South China Sea and Japan
On the South China Sea issue, although Japan is not a claimant country, it fears that China’s attempts to assert sovereignty over the South China Sea will embolden Beijing in its dispute with Japan over the Senkakus (Diaoyu Islands). Tokyo hopes to strengthen ASEAN unity on its policy with China over the South China Sea. After the judgment of the Permanent Court of Arbitration (PCA) regarding the South China Sea dispute in July 2016, Cambodia became a major supporter for Beijing by blocking mention of the international tribunal ruling within the consensus-based ASEAN. Japan tried to change Cambodia’s position through infrastructure support commitments.
Tokyo’s own security interests and geopolitical considerations for its position within the Asian security order—in particular, its competition with a rising China—drive its approach toward the South China Sea. Furthermore, Japan’s perspective toward the South China Sea, through which $5 trillion in maritime trade traverses annually, is informed by the overall importance of the region for global commerce. In particular, as a net importer of energy, Japan’s energy security is highly dependent on commercial sea lanes crossing the South China Sea. Keeping sea lanes open to free navigation and overflight is thus central to Japan’s grand strategic thinking about the South China Sea. Following China, Japan is the world’s largest net importer of fossil fuels. Notably, 83 percent of Japan’s energy imports originate in the Middle East and pass through the strategically pivotal Malacca Strait before making their way through the South China Sea to access the waters of the western Pacific, between the First and Second Island Chains, on their way to Japanese ports.
The Government of Japan believes that the South China Sea issue is directly related to peace and stability of the region. More importantly, however, Japan recognizes the possibility of conflict in the region as a threat to the integrity of the international maritime order as a whole.
Japan’s policy towards the South China Sea is likely to have a considerable bearing on the future shape of the regional order in this region although ultimately US-China competition and the reaction of the other countries around the SCS will have a more decisive bearing.
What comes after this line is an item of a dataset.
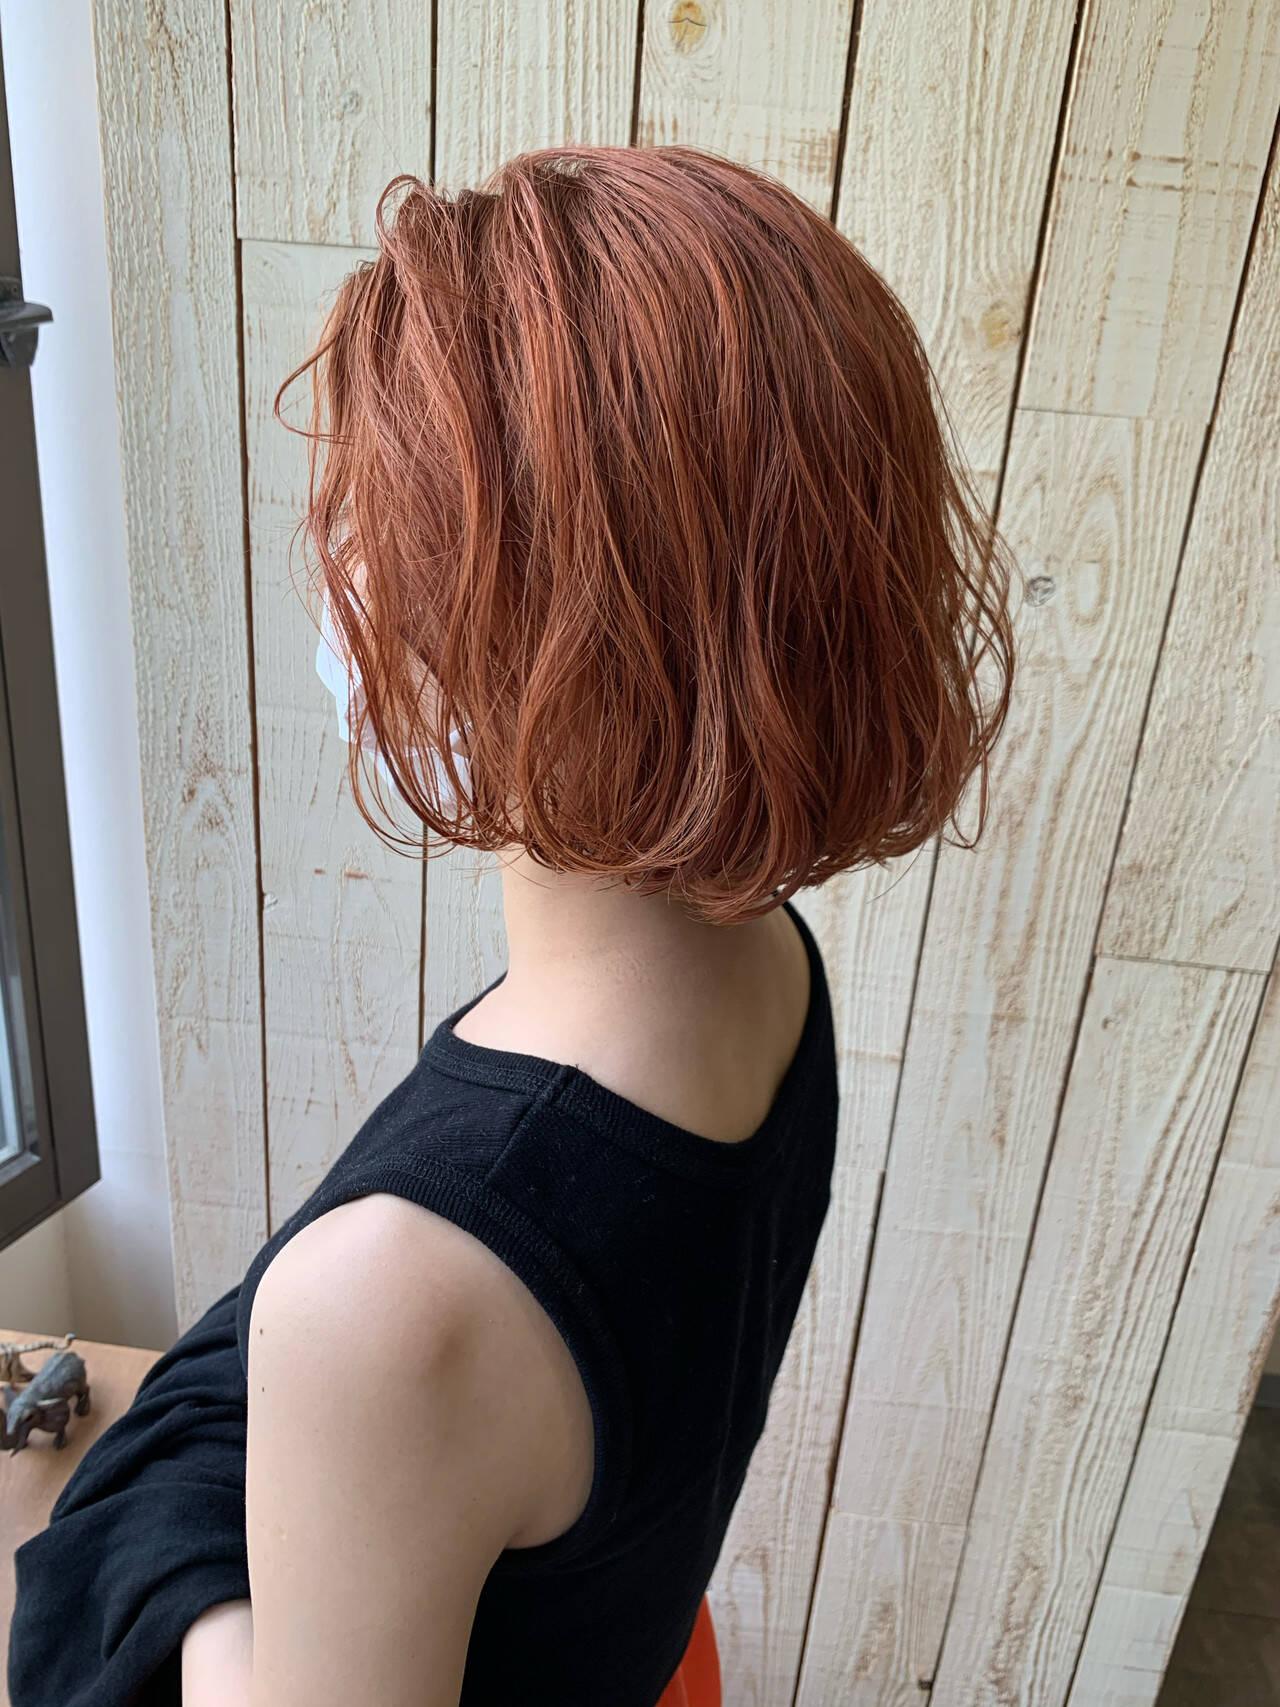 ボブ ショートヘア オレンジカラー オレンジベージュヘアスタイルや髪型の写真・画像

Important economic interests are related to Japan’s involvement in the off-shore (as well as onshore) prospection and extraction of oil and gas resources in the South China Sea region in order to pursue the goal of diversification of supply of hydrocarbon as well as the marketing of Japan’s high technology services in the energy sector.
But not only economic interests but also geostrategic concerns have made the stability of the ASEAN member states of central importance to Japan. Next to Japan’s dependence on the freedom of navigation through the South China Sea , it is the nexus of its security alliance with the US and the interdependence of the security in the East China Sea and the South China Sea. Standing up to Chinese assertiveness in the South China Sea and supporting in some way the other littoral states of the SCS is perceived as necessary to maintain US support against Chinese policies in the East China Sea.
Until recently, Japan mostly contributed to stability of the region through economic means. The Japanese government has started helping the more vocal SCS littoral states with their coast guard and military capacity. The increased Japanese involvement in the security of the SCS has been very much promoted by the US through various new bilateral defence policy agreements.
In contrast to its reticence and hesitant attitude in the 1990s, Japan’s current approach to the South China Sea has been much more active and multi-dimensional. The Japanese government has been eager to actively participate in ASEAN-centered security dialogues. The basic strategy Tokyo has employed in multilateral arenas is to include the concept of maritime security on the agenda, emphasizing the importance of resolving territorial disputes in a peaceful manner and securing freedom of navigation.